| What the exercise asks |
Given the records below, would you repeat exactly the lines that begin at the one containing "Happy Birthday Kowshayan Enjoy Cat Meme" and end at the one containing "Name Bracelet /", inclusive?

| Listed entries |
****

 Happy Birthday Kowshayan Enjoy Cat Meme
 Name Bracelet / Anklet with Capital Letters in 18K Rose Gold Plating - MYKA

****

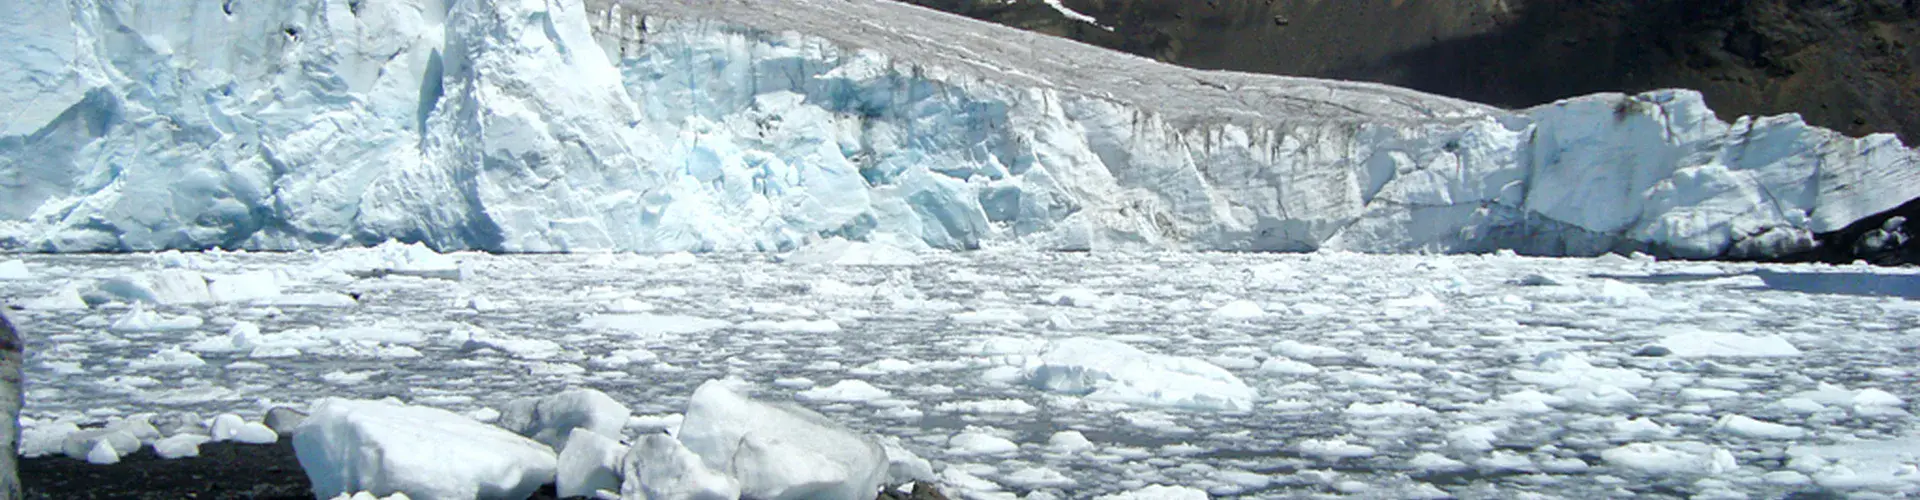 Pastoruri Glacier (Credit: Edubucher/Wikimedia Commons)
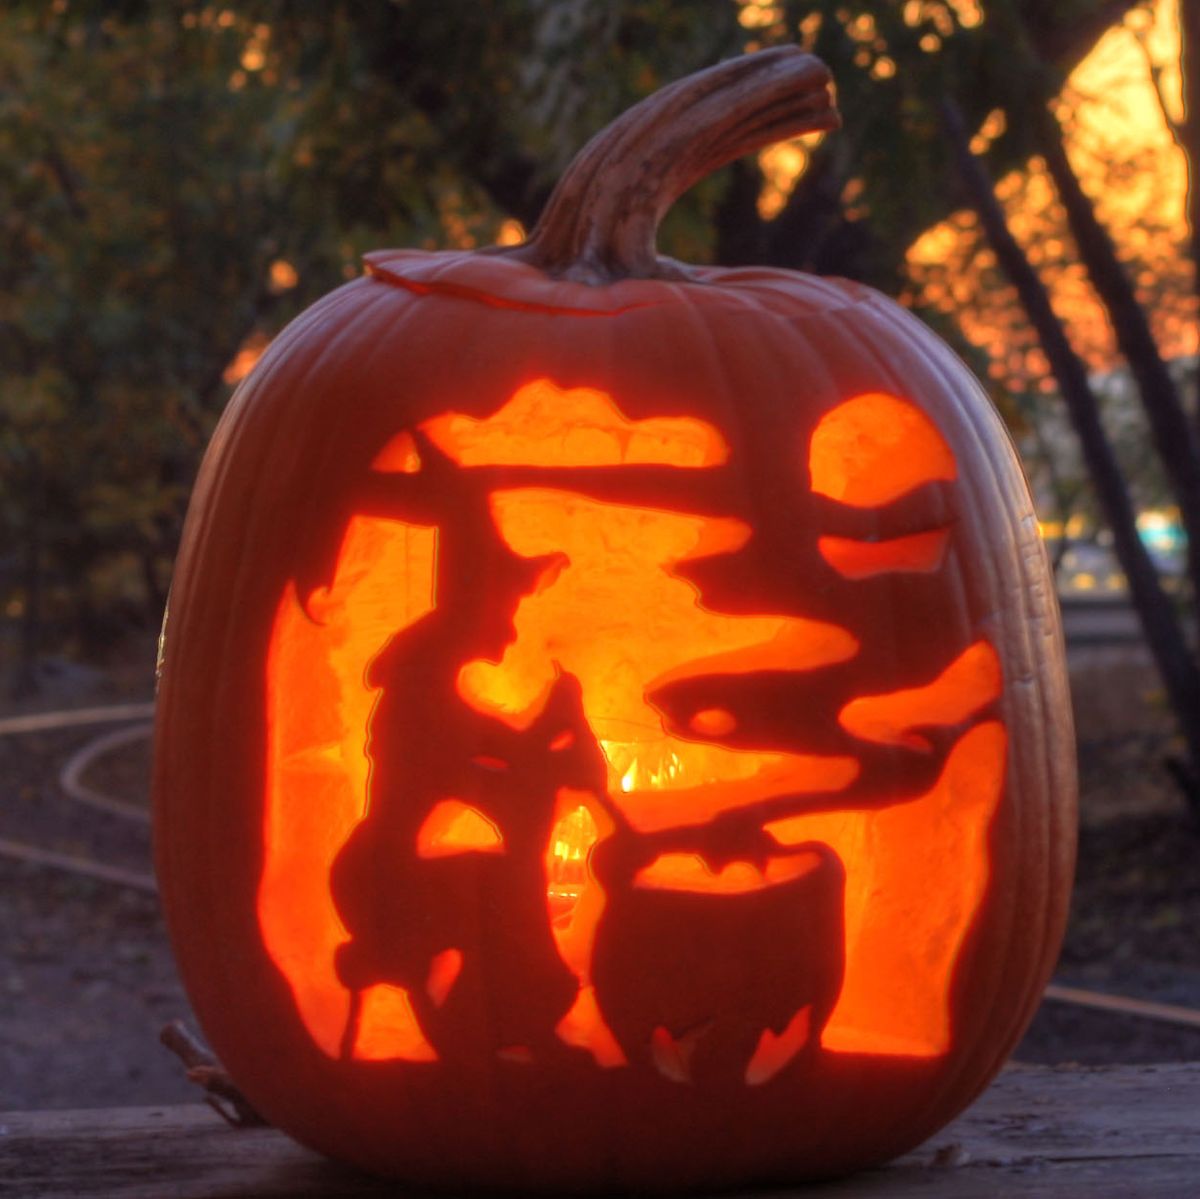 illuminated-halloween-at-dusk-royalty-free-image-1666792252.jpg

****

| Task solution |
 Happy Birthday Kowshayan Enjoy Cat Meme
 Name Bracelet / Anklet with Capital Letters in 18K Rose Gold Plating - MYKA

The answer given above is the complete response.